Why? Do people in the area feel they can't afford or contribute to the campaign? Do they believe the cause is not justified? Do they take the attitude 'Why should I pay the medical bills of Joe Doak's little boy?"

The Ann Arbor News and the group running the drive fervently hope and sincerely believe that the answer to all these questions is a positive "No." Why, then, is the campaign failing? We believe people just aren't willing to sit down and put a bill or coin in their cards and drop them in a mail box or put that loose change in the canister on the store counter. It's as simple as that!

The News wishes it had the answers to the problem on how to impress the public with the urgency of the campaign, of the serious polio conditions that exist today right here in Washtenaw County. 

We can write news stories and put big headlines on them telling people that there were 64 cases of polio - an all-time record - in the county last year.
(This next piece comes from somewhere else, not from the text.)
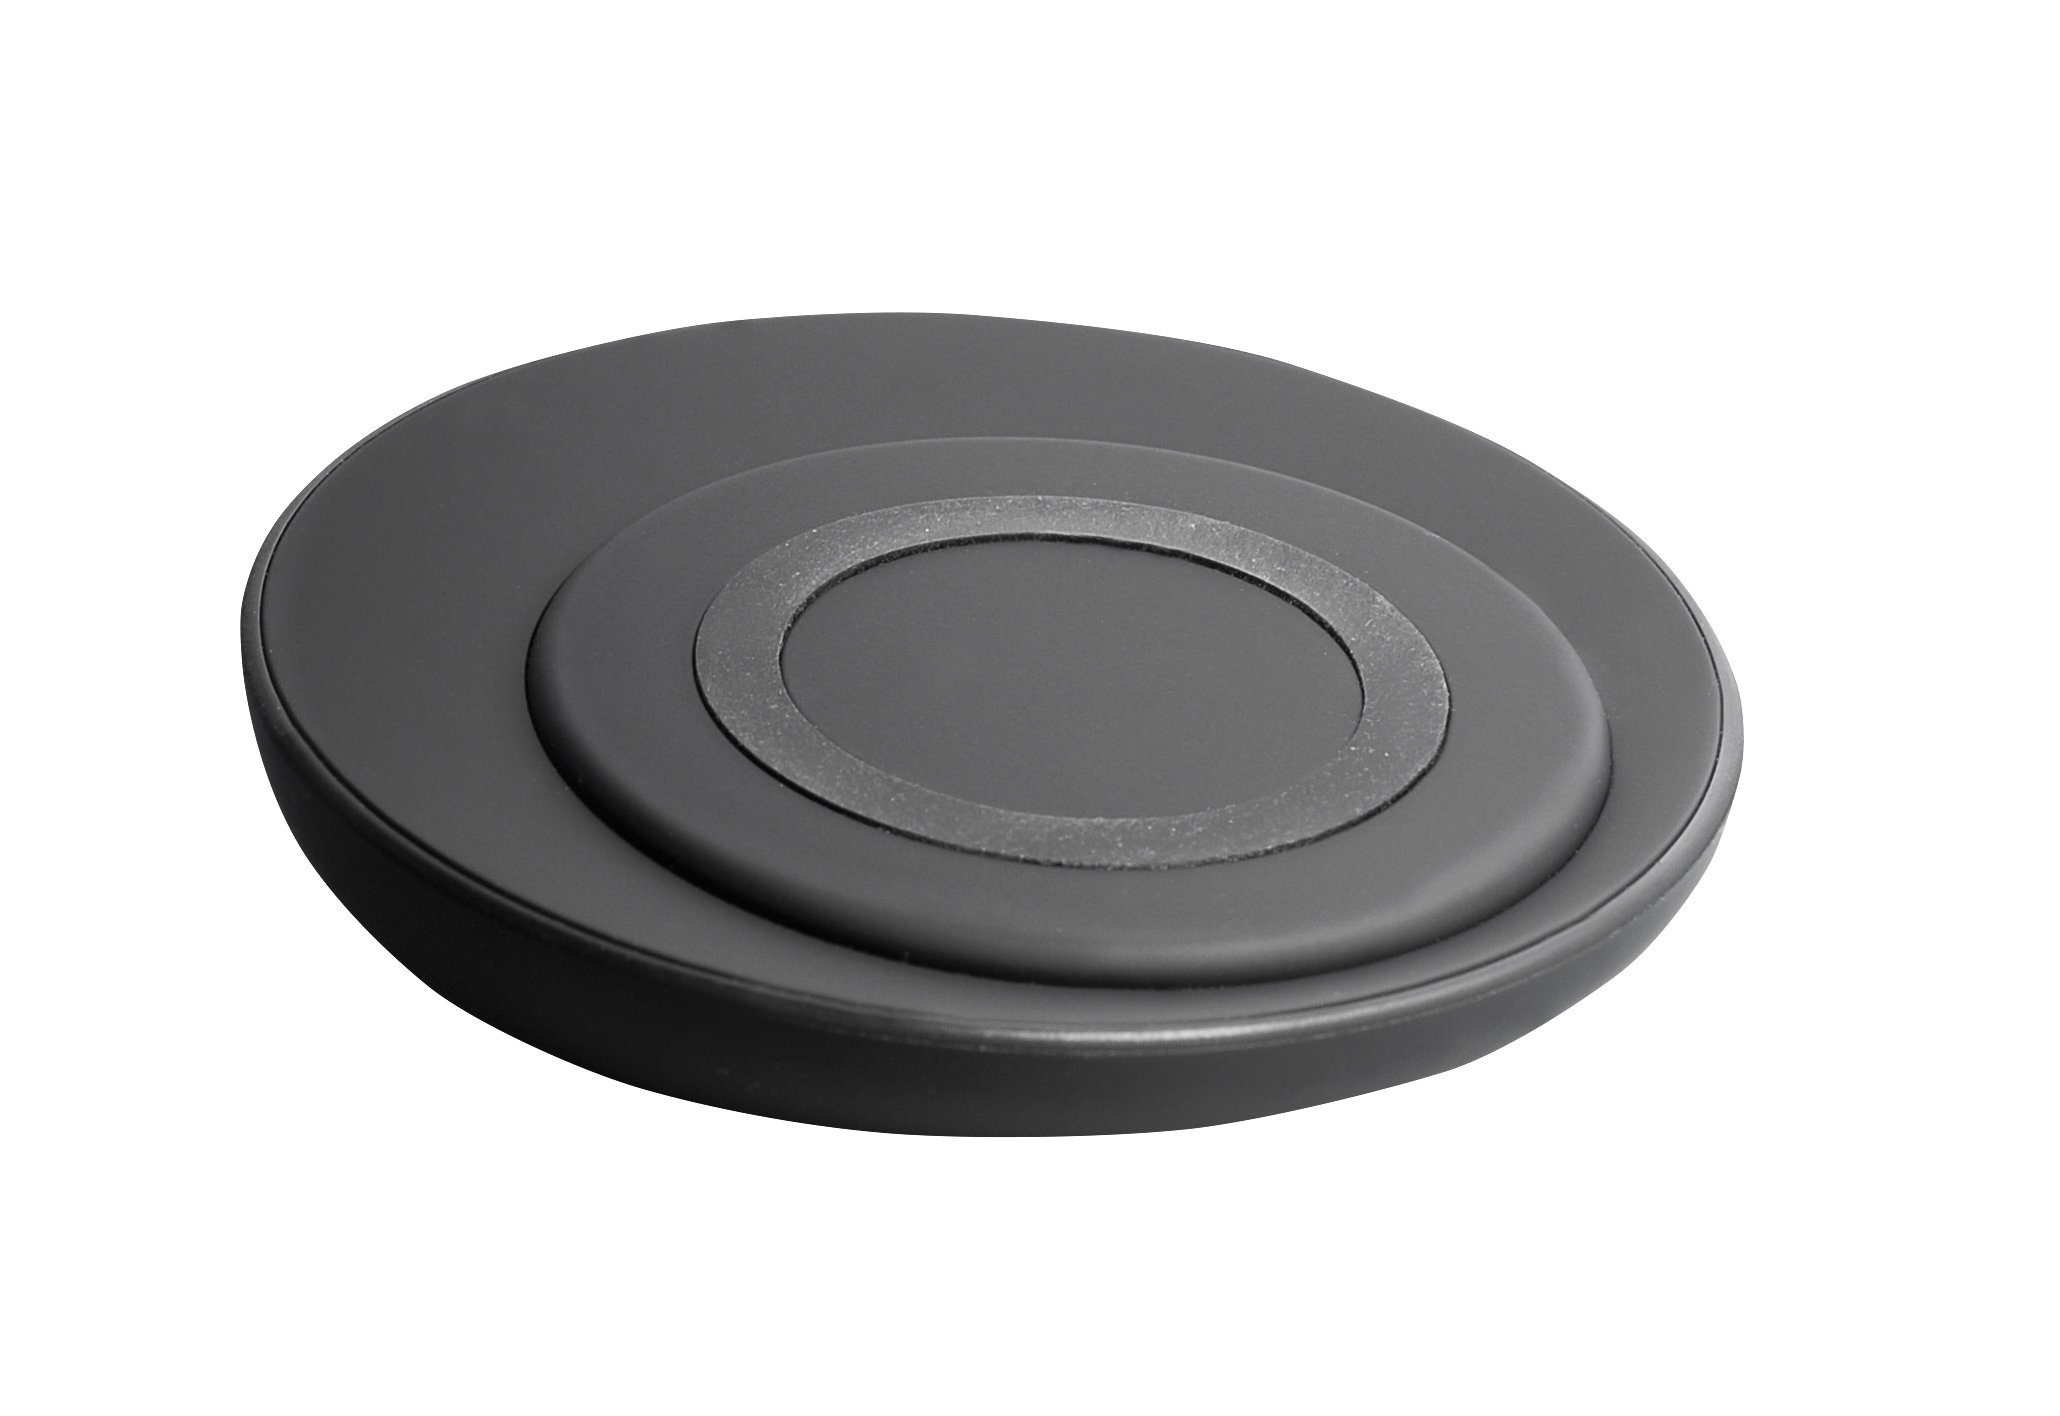 Maxtrack Handy-Netzteile (wireless Qi Charger, kabellose Ladestation)

We can write editorials urging our readers to contribute. But unless John Q. Citizen stops - just a moment - to think of what's at stake in this March of Dimes, we might as well tell the Man in the Moon to give for the cause. 
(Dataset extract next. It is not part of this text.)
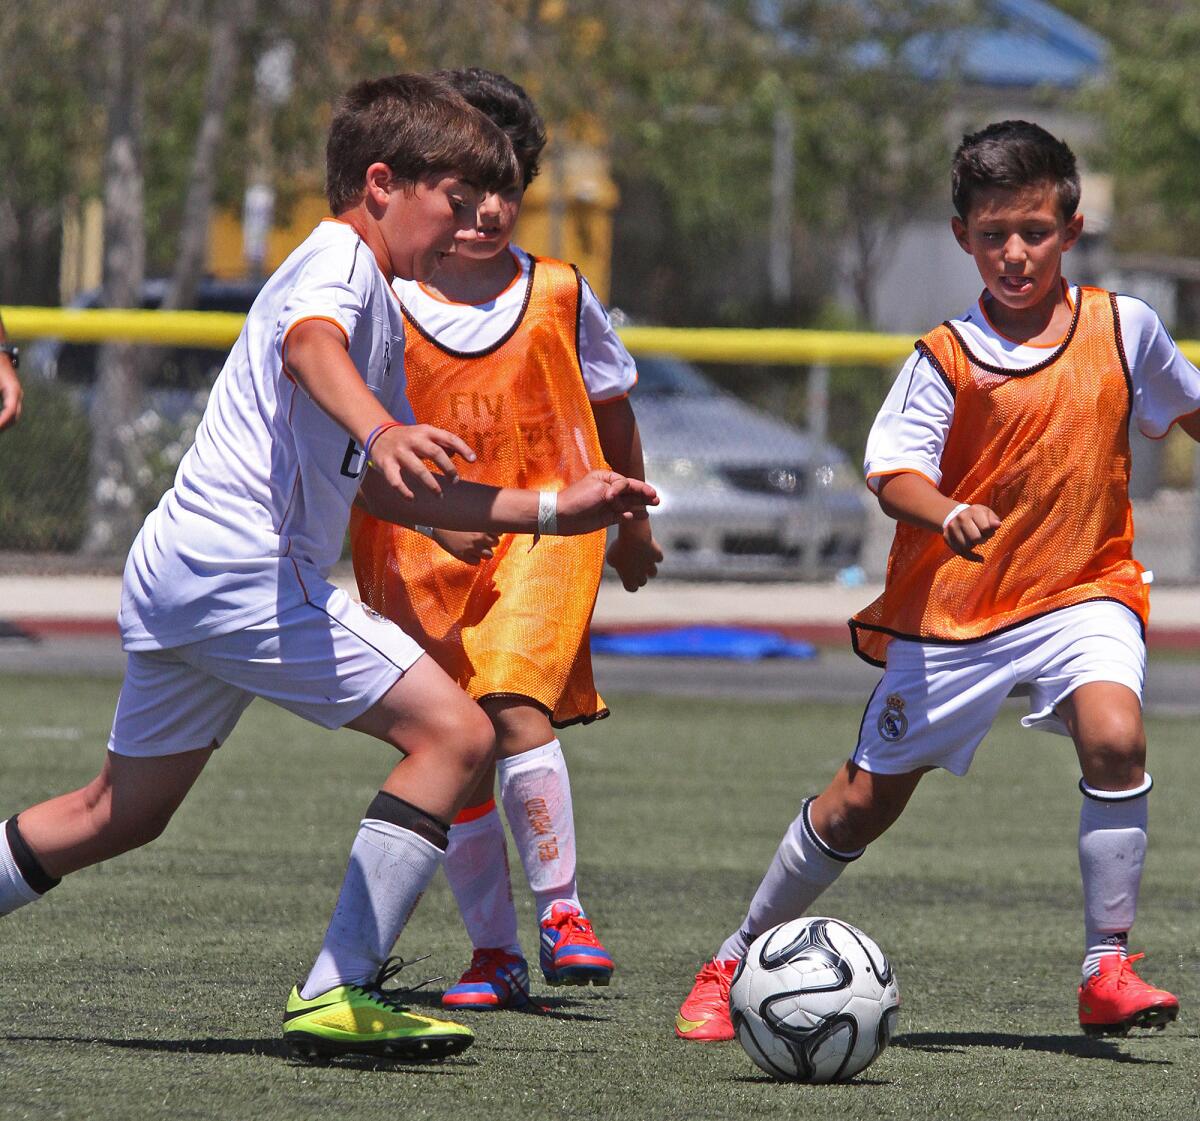 Campers run with the ball at The Real Madrid Foundation Campus Experience Soccer camps during a scrimmage with Team Casillas, the youngest soccer campers at the Glendale Sports Complex on Tuesday, July 22, 2014. These camps, for soccer players from 7-17, are new and starting out in Southern California, the first of which at the Glendale Sports Complex.

Right now the county polio chapter is more than $14,000 in debt. Every day of the week, yes, even today, that debt is growing larger as patients in the hospitals receive their daily treatments and therapy. 

The chapter is asking residents to contribute only $24,500, of which $12,250 goes to the National Foundation for Infantile Paralysis headquarters for research and epidemic aid, and the other half stays here in the county. But even if the county receives its $12,250 - the chapter still will be in debt - and the year is only just started!

We of Ann Arbor, and of Ypsilanti, of Dexter, of Chelsea, of Milan, of Manchester, of Saline, and all the other communities in Washtenaw County CAN afford to contribute. We DO believe the cause is justified. And we DO realize that polio is a public problem and expense that must be met with public support. 

This is not an emotional appeal to give a dime of dollar. It is rather a cold, hard statement of the facts. Give today - before it's too late!